Danny había regresado a su ciudad de origen seis años atrás para descubrir que sus padres ya no vivían en su antiguo domicilio y que se habían ido sin dejar nuevas señas. Decepcionado, se dirigió al norte, llegó a Glasgow y fundó la Asociación para el Bienestar de los Trabajadores, que no sólo aseguraba a los obreros contra el desempleo, sino que también promovía, mediante campañas, normas de seguridad en las fábricas, el derecho a sindicarse y la regulación financiera de las corporaciones. Su nombre había empezado a aparecer en los periódicos: Dan Robinson, no Danny, porque ya era demasiado impresionante para que le llamasen Danny. Su padre leyó el nombre en la prensa, acudió a su despacho y celebraron un jubiloso encuentro.
Resultó que el padre y la madre habían entrado en contacto finalmente con otros judíos poco después de que Maisie y Danny se marcharan de casa. Les prestaron dinero para trasladarse a Manchester, donde el padre encontró trabajo y nunca más volvieron a la miseria. La madre superó la enfermedad y ahora disfrutaba de una salud estupenda.
Maisie ya estaba casada con Solly cuando la familia volvió a reunirse.
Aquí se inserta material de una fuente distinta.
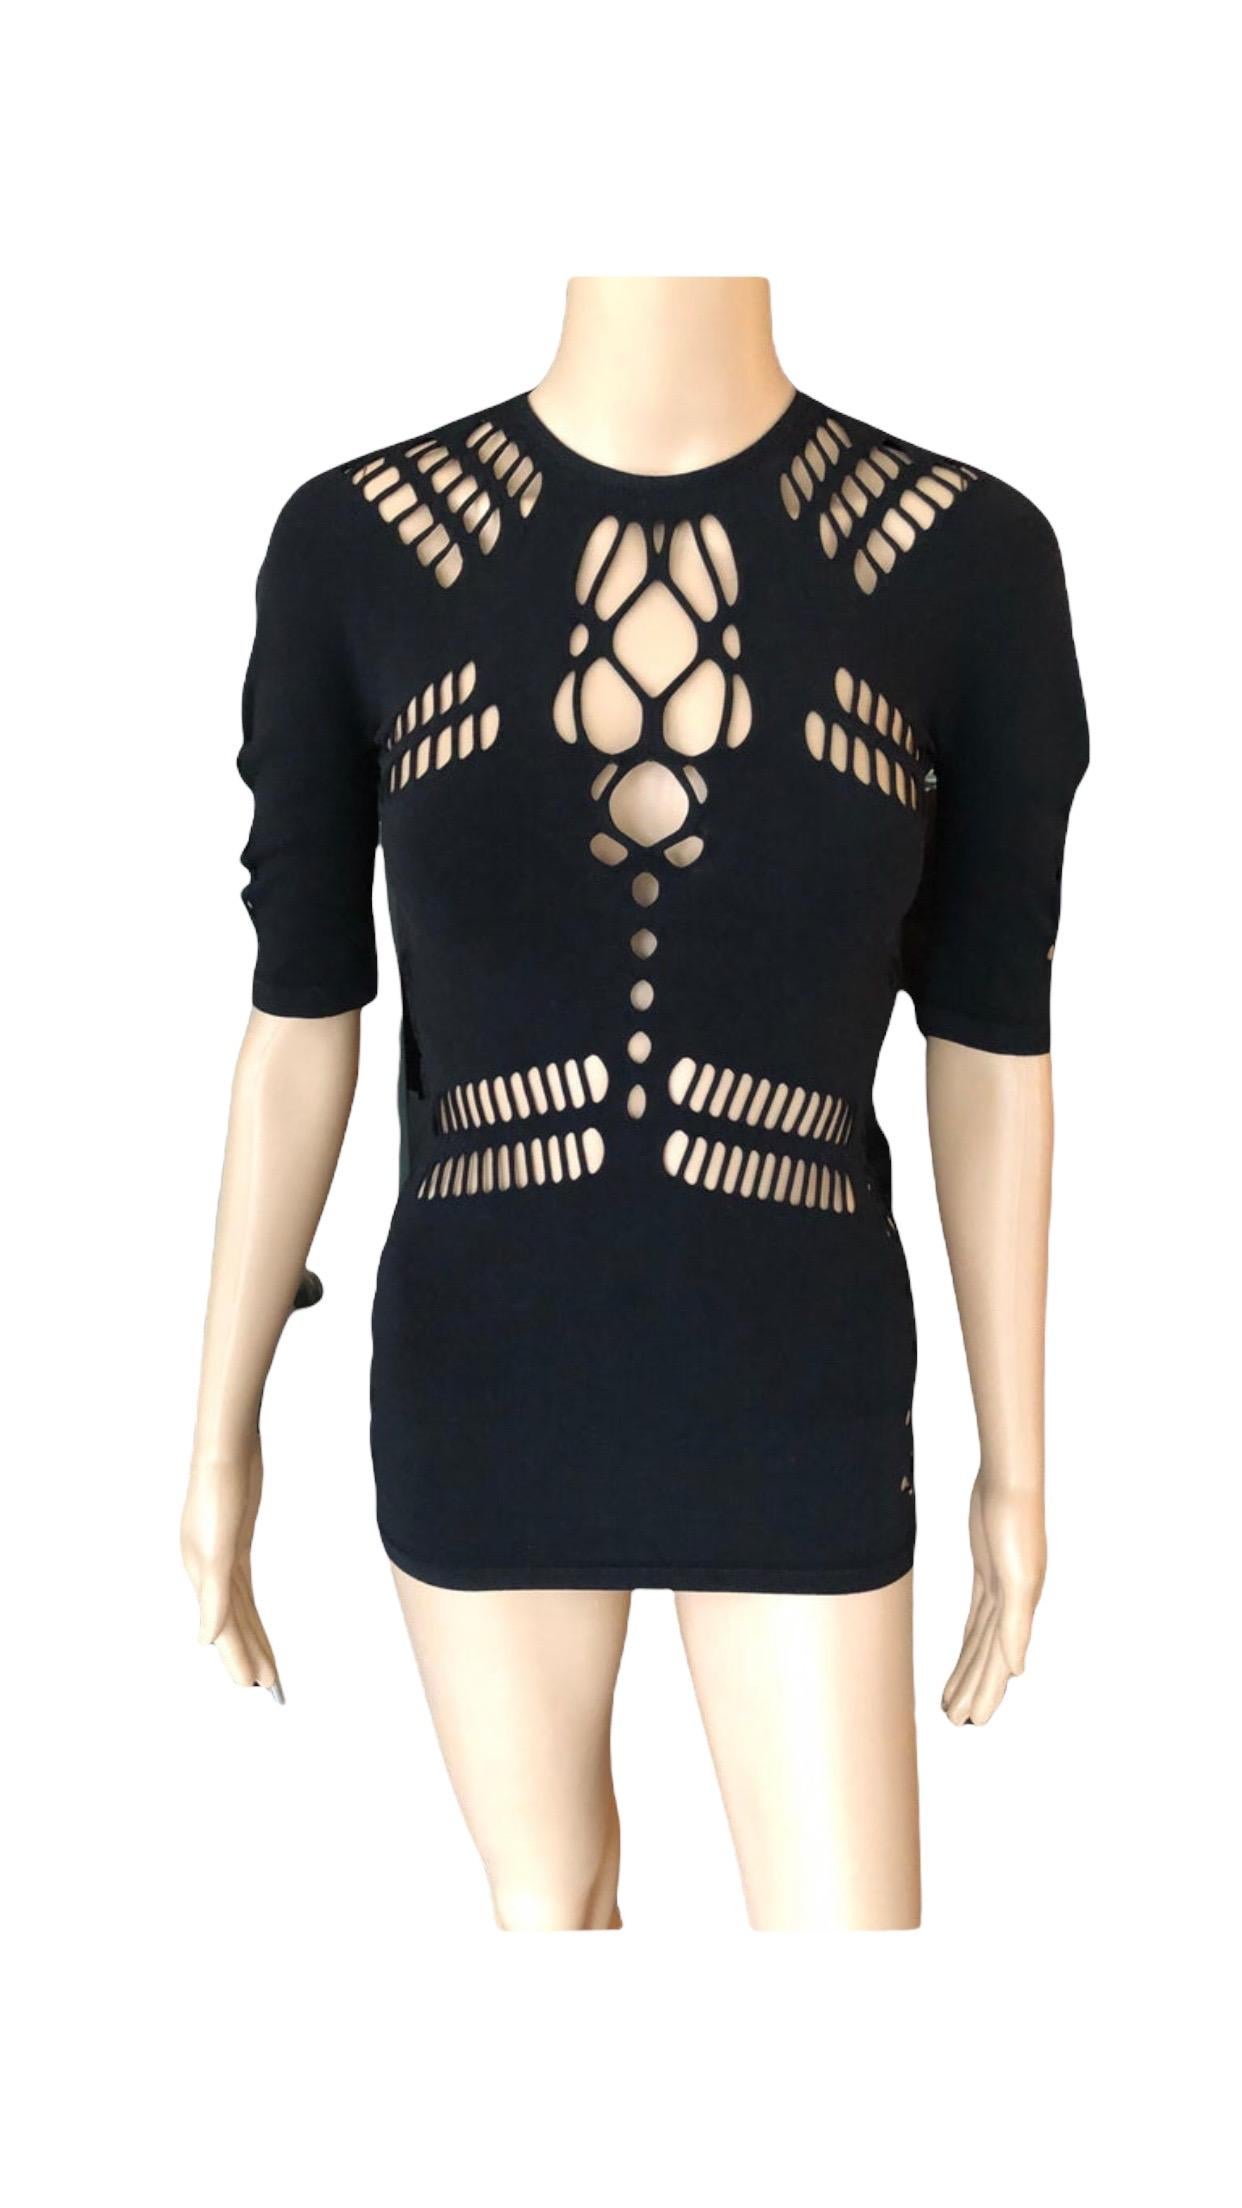 Gucci Cutout Fishnet Mesh Black Top In Good Condition For Sale In Naples, FL

De mil amores, Solly hubiera proporcionado al padre de Maisie una casa y unos ingresos vitalicios, pero el hombre no quería retirarse, y pidió a Solly un empréstito para abrir una tienda. Mamá y papá vendían ahora caviar y otros manjares exquisitos a los ciudadanos ricos de Manchester. Cuando Maisie iba a visitarlos, se quitaba los diamantes, se ponía un delantal y despachaba detrás del mostrador, confiando en que nadie de la Marlborough iría a Manchester, y en caso de que lo hiciera, no saldría a comprar sus propias vituallas.
Al ver a Danny en Kingsbridge, Maisie temió automáticamente que les hubiera ocurrido algo a sus padres, así que echó a correr al encuentro de su hermano con el corazón en la garganta, a la vez que gritaba:
—¡Danny! ¿Ocurre algo malo? ¿Se trata de mamá?
—Papá y mamá están perfectamente, lo mismo que todos los demás -respondió Danny con su deje estadounidense.
—Gracias a Dios. ¿Cómo has sabido que estaba aquí?
—Me escribiste.
—Ah, sí.
Con su barba rizada y sus pupilas centelleantes, Danny parecía un guerrero turco, pero vestía como un oficinista: traje negro bastante raído y bombín. Se había dado una buena caminata, a juzgar por sus botas embarradas y su expresión de cansancio. Kingo le miró con aire interrogador, pero Solly se apresuró a intervenir con su acostumbrada gracia social. Estrechó efusivamente la mano de Danny.